■ **WHAT YOU SHOULD DO**
Instruction for the entries that follow: retype exactly the lines from the line with "Athletic Grey Boxy" to the line with "Royalty free image", both included, and omit all others.

■ **MATERIAL FOR THIS TASK**
____________

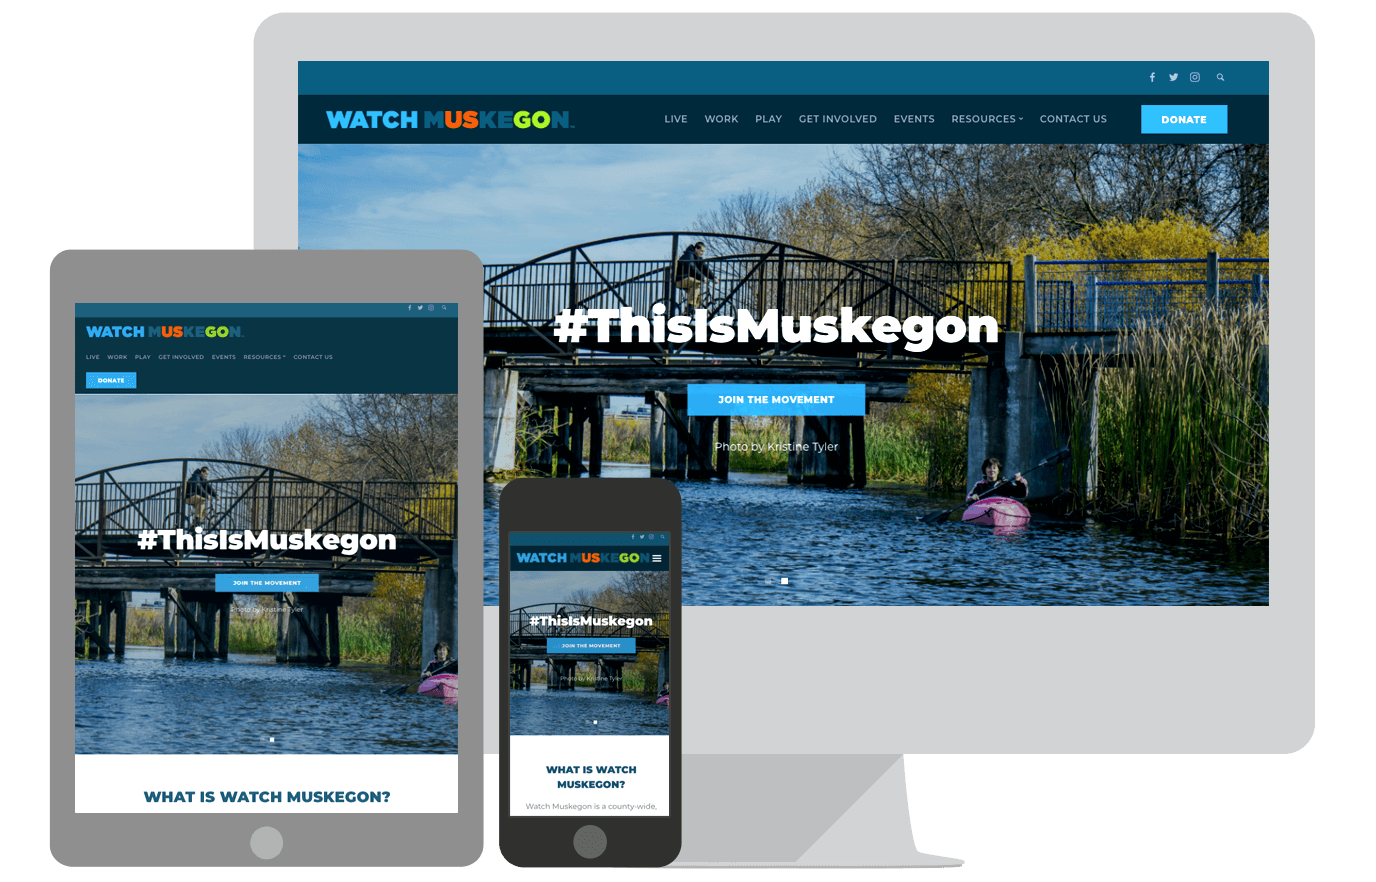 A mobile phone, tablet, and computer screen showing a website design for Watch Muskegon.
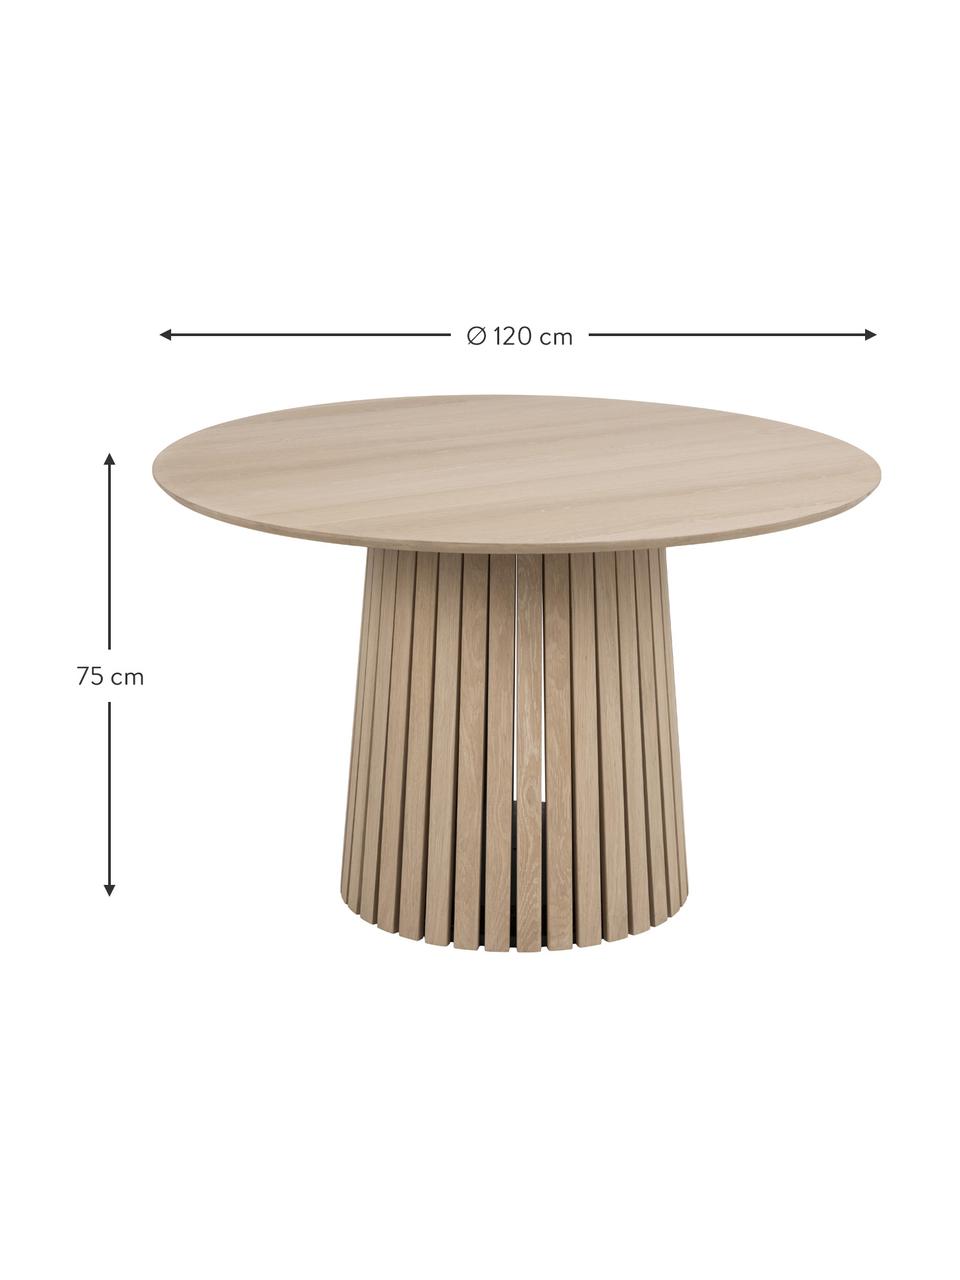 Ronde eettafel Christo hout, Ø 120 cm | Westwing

____________

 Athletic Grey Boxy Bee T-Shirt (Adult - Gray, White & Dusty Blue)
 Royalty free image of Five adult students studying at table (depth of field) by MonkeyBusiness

____________

■ **EXERCISE ANSWER**
 Athletic Grey Boxy Bee T-Shirt (Adult - Gray, White & Dusty Blue)
 Royalty free image of Five adult students studying at table (depth of field) by MonkeyBusiness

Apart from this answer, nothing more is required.